Question 3.5.7: Comparing Linear and Exponential Models The data for world p...

a. Using Figure 3.28 and rounding to three decimal places, the functions

f (x) = 0.074x + 2.294      and     g(x) = 2.577(1.017)^x

model world population, in billions, x years after 1949. We named the linear function f and the exponential function g, although any letters can be used.

b. Table 3.10 on the previous page shows that world population in 2000 was 6.1 billion. The year 2000 is 51 years after 1949. Thus, we substitute 51 for x in each function’s equation and then evaluate the resulting expressions with a calculator to see how well the functions describe world population in 2000.

f (x) = 0.074x + 2.294                      This is the linear model.

f (51) = 0.074(51) + 2.294                  Substitute 51 for x.

≈ 6.1                                      Use a calculator.

g(x) = 2.577(1.017)^x                  This is the exponential model.
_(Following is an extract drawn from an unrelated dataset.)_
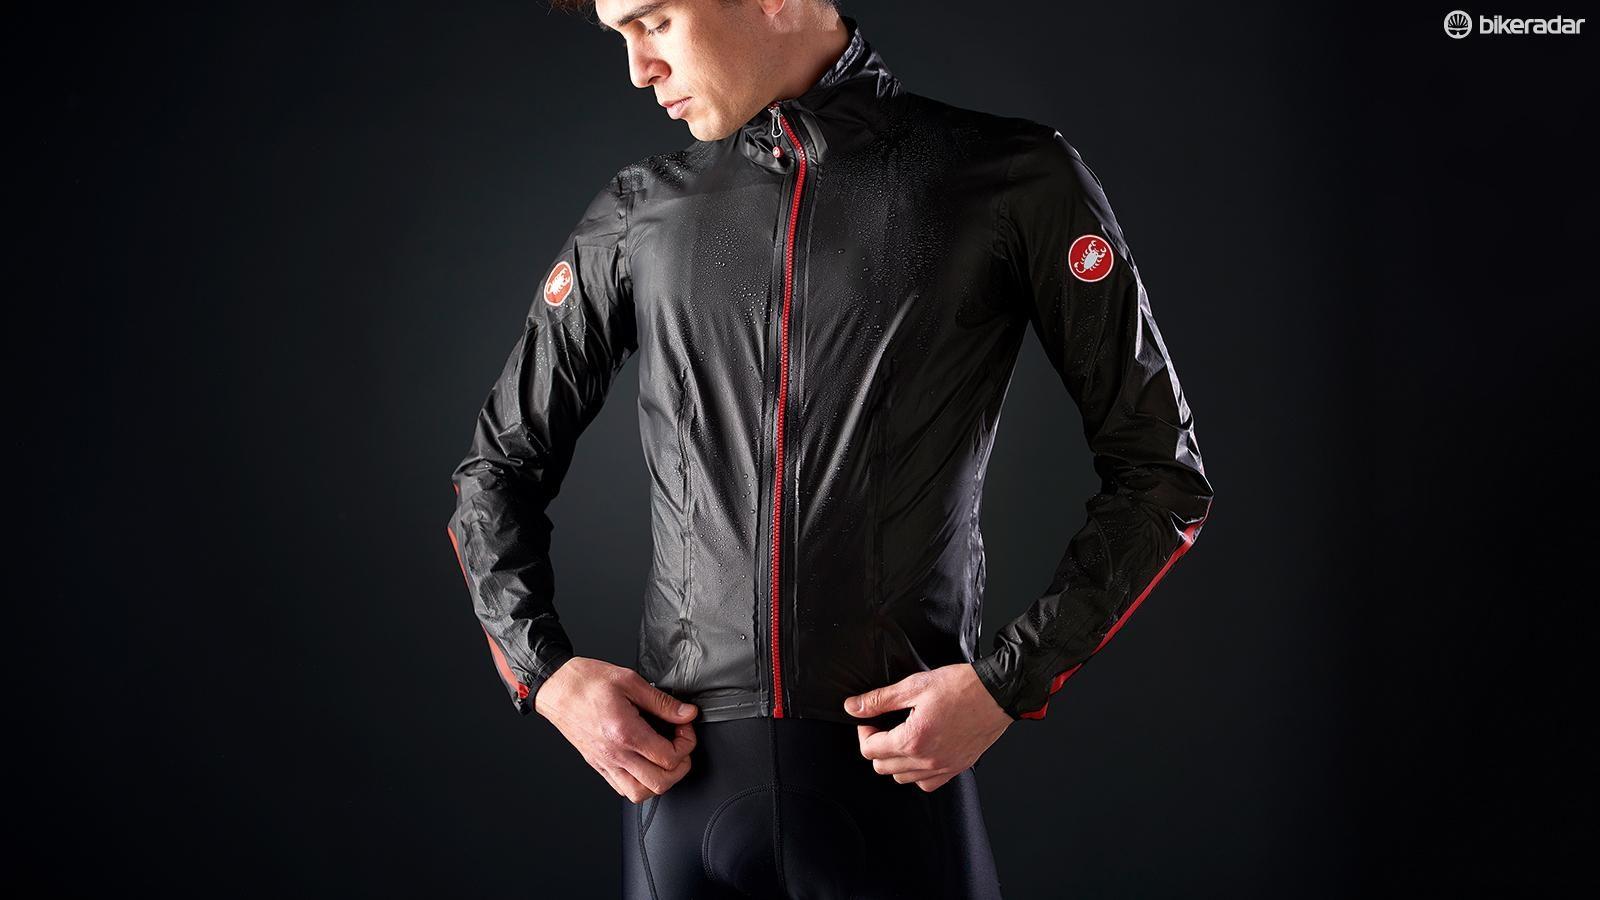 Jacket Bikeradar Review Idro Idro Jacket Review Castelli Jacket Bikeradar Idro Castelli Castelli Review 0ywNnvm8O

g(51) = 2.577(1.017)^{51}                  Substitute 51 for x.

≈ 6.1                      Use a calculator: 2.577 × 1.017  y^x (or ∧ ) 51 =.

Because 6.1 billion was the actual world population in 2000, both functions model world population in 2000 extremely well.

c. Let’s see which model comes closer to projecting a world population of 8 billion in the year 2026. Because 2026 is 77 years after 1949 (2026 – 1949 = 77), we substitute 77 for x in each function’s equation.

f (x) = 0.074x + 2.294                    This is the linear model.

f (77) = 0.074(77) + 2.294                  Substitute 77 for x.

≈ 8.0                            Use a calculator.

g(x) = 2.577(1.017)^x                      This is the exponential model.

g(77) = 2.577(1.017)^{77}                  Substitute 77 for x.

≈ 9.4                          Use a calculator: 2.577 × 1.017 y^x (or ∧ ) 77  =.

The linear function f (x) = 0.074x + 2.294 serves as a better model for a projected world population of 8 billion by 2026.